Work required:
An exact copy of every record is the expected answer.

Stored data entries

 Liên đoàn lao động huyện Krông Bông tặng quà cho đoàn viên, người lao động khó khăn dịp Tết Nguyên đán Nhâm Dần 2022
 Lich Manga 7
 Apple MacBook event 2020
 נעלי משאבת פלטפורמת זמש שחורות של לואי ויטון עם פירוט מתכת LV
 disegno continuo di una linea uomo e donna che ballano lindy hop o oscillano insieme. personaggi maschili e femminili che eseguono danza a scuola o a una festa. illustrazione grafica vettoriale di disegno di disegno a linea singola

Result of this task:
 Liên đoàn lao động huyện Krông Bông tặng quà cho đoàn viên, người lao động khó khăn dịp Tết Nguyên đán Nhâm Dần 2022
 Lich Manga 7
 Apple MacBook event 2020
 נעלי משאבת פלטפורמת זמש שחורות של לואי ויטון עם פירוט מתכת LV
 disegno continuo di una linea uomo e donna che ballano lindy hop o oscillano insieme. personaggi maschili e femminili che eseguono danza a scuola o a una festa. illustrazione grafica vettoriale di disegno di disegno a linea singola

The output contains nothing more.